The repositories show mixed maintenance signals. The backend has real code, migrations, tests and live API alignment; it was pushed in 2025 and still had repository activity in 2026. The frontend appears older, with its last push in early 2024, and the `/autozap` server route returned 504 during this check even though the bundled client-side route and API code still exist. That is not a reason to erase the app. It is a reason to write about it honestly: Zapplepay is an important, working idea with a small live footprint, a public backend, a dated frontend and some signs of operational rough edges.
The risk is the permission
The safest way to understand Zapplepay is to separate the three identities involved. Your Nostr account signs the reaction. Your wallet authorizes payment. Zapplepay watches for the reaction and asks the wallet to pay. Those are not the same key, and they should not be mentally collapsed.
The Nostr side is public by design. If you react to a note, that reaction can be observed by relays, clients and services. If Zapplepay treats one emoji as a payment instruction, anyone watching can infer that the reaction may trigger money. If the zap receipt is public, the payment itself becomes part of the social object. This is the point of zaps, but it is not private.
The wallet side is permissioned by design. A well-scoped NWC or NWA connection should grant only the command Zapplepay needs, usually `pay_invoice`, with a tight budget and an easy revocation path. A badly scoped connection can be dangerous. The service's backend can make payment requests whenever it sees matching triggers, and a bug, compromised server, leaked connection string or malicious configuration can turn a cute emoji into a recurring expense.
The service side is custodial in a different sense.

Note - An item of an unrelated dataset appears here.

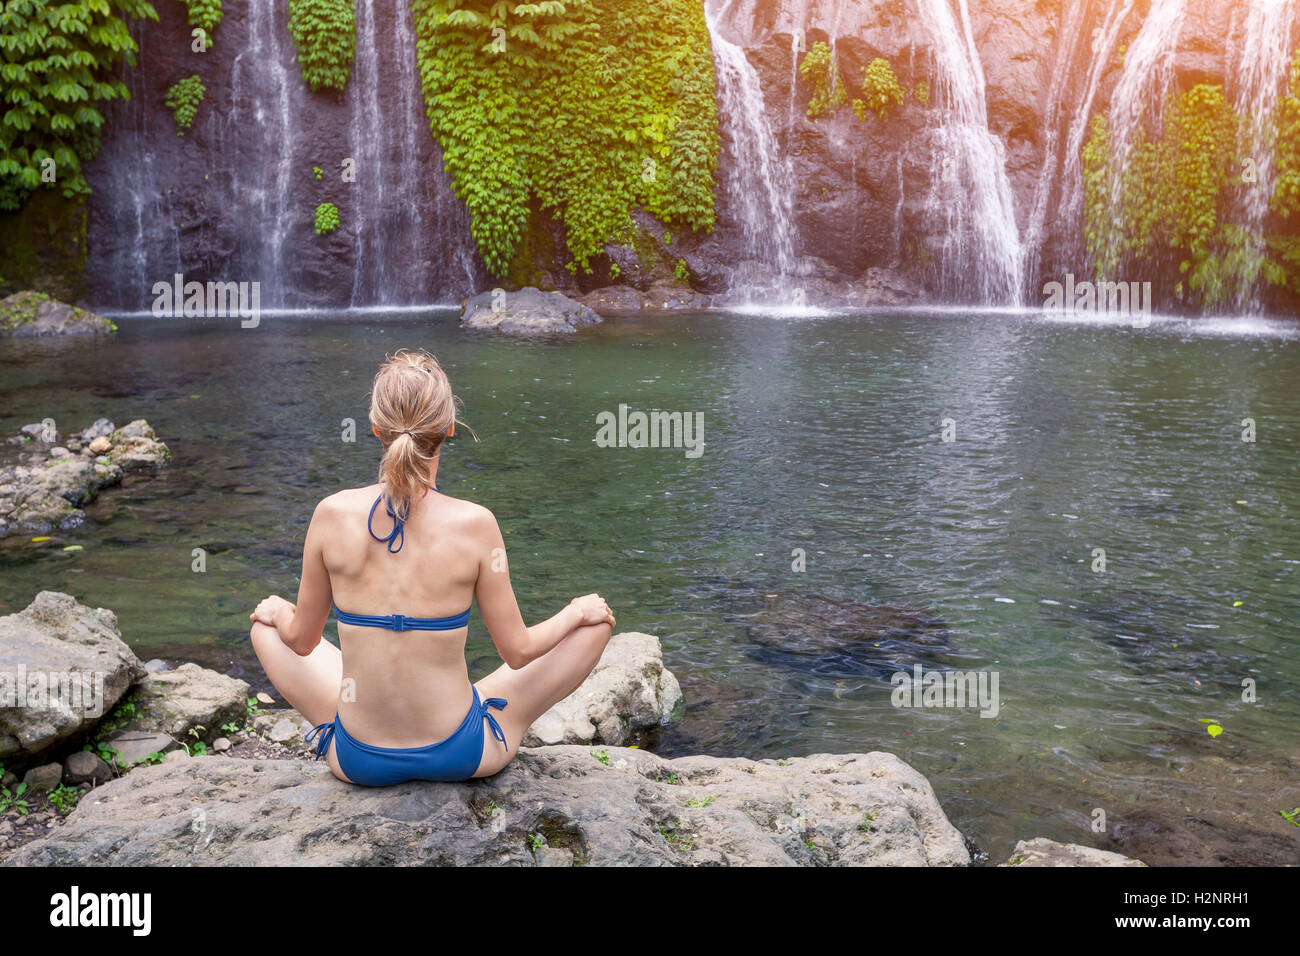 Chica practicando yoga y meditación en la postura del loto en la naturaleza cerca de una cascada. Foto de stock
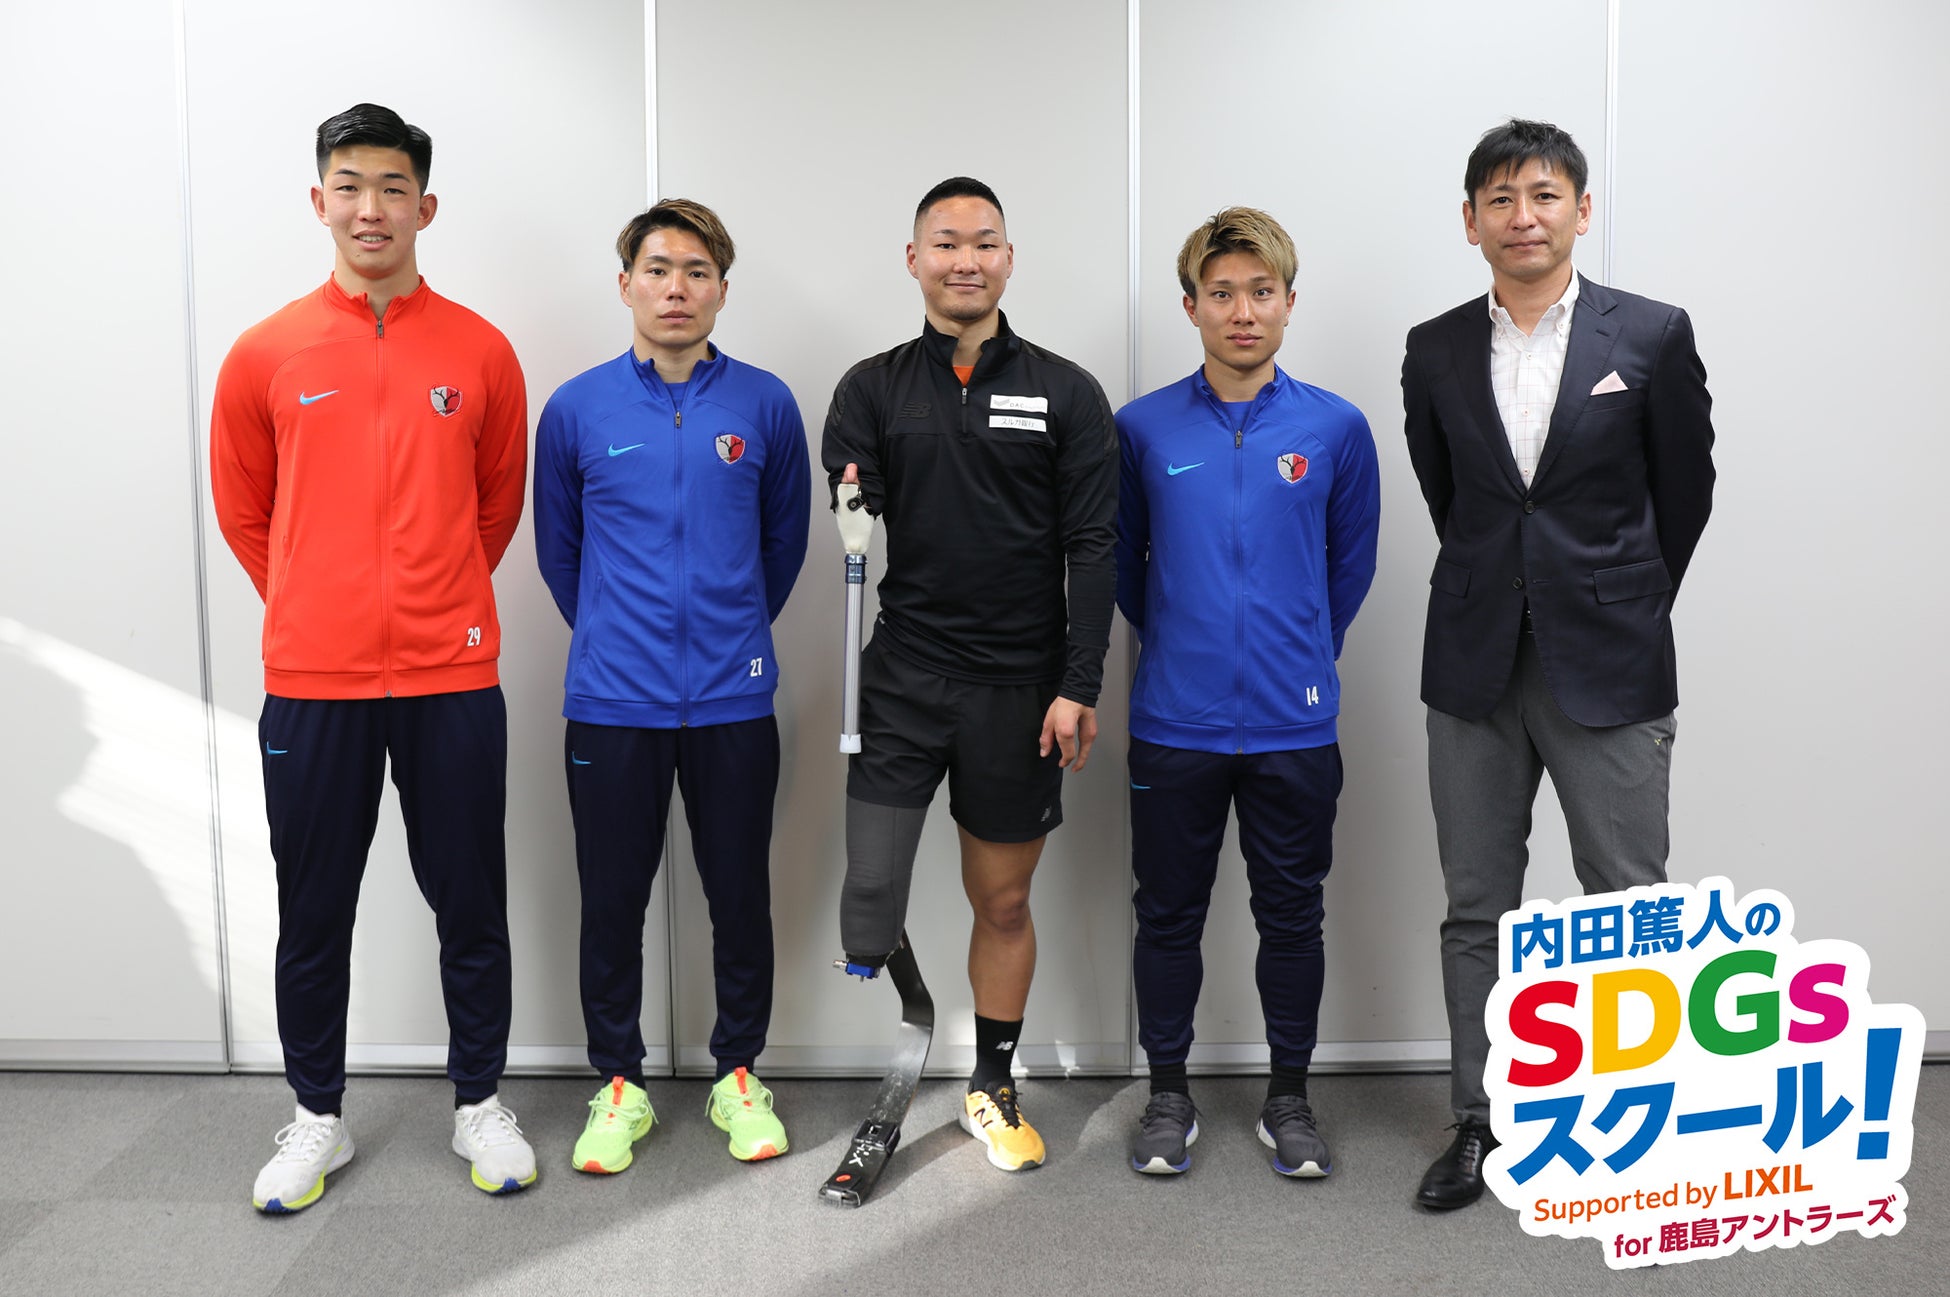 内田篤人さんからのミッションは“多様性への理解”　鹿島アントラーズの選手たちがスポーツ義足体験でSDGsを学ぶのサブ画像1

Zapplepay does not custody your sats, but it does hold automation state: your watched pubkey, chosen emoji, sat amount, donation targets, subscription configs and either an NWC string or an auth-linked capability. That data lives in its database. The backend uses Postgres migrations and models for users, zap configs, subscription configs, wallet auth and zap events. Deleting or rotating a wallet connection is therefore as important as deleting an account record.
For a casual user, the right testing pattern is simple. Use a fresh wallet connection, not your broad everyday wallet permission. Grant only `pay_invoice`. Set a tiny budget. Use a tiny sat amount. Trigger one zap. Confirm the wallet, the recipient, the note and the receipt. Then revoke the connection and verify that future reactions no longer pay. If that sounds too fussy for a playful app, remember what the app does: it turns a public gesture into money movement.
For builders, Zapplepay is still one of the clearest demonstrations of what Nostr Wallet Connect can do. It shows that app-store rules can be routed around by moving payment authority out of the native client. It shows that a signed public event can act as an automation trigger. It shows that Nostr apps can be small, weird and composable instead of monolithic. It also shows the bill for that power: the user must understand permissions, the wallet must enforce them, the service must be reliable, and the ecosystem must make revocation obvious.
That is why Zapplepay deserves a serious article even if the interface looks like a joke. It is a tiny application with a large lesson. Nostr is not only about replacing social feeds. It is about making messages, identities and value flows interoperable enough that a reaction in one client can become a Lightning payment through another service and a wallet the client never controlled. That is the good version. The bad version is the same sentence with sloppy permissions. The difference is operational discipline.
Sources worth opening
These are the primary and secondary sources used for this profile: live product pages, API endpoints, public code, Nostr identity pages, NIP references, NWC documentation and contemporaneous coverage of the Damus/Apple context.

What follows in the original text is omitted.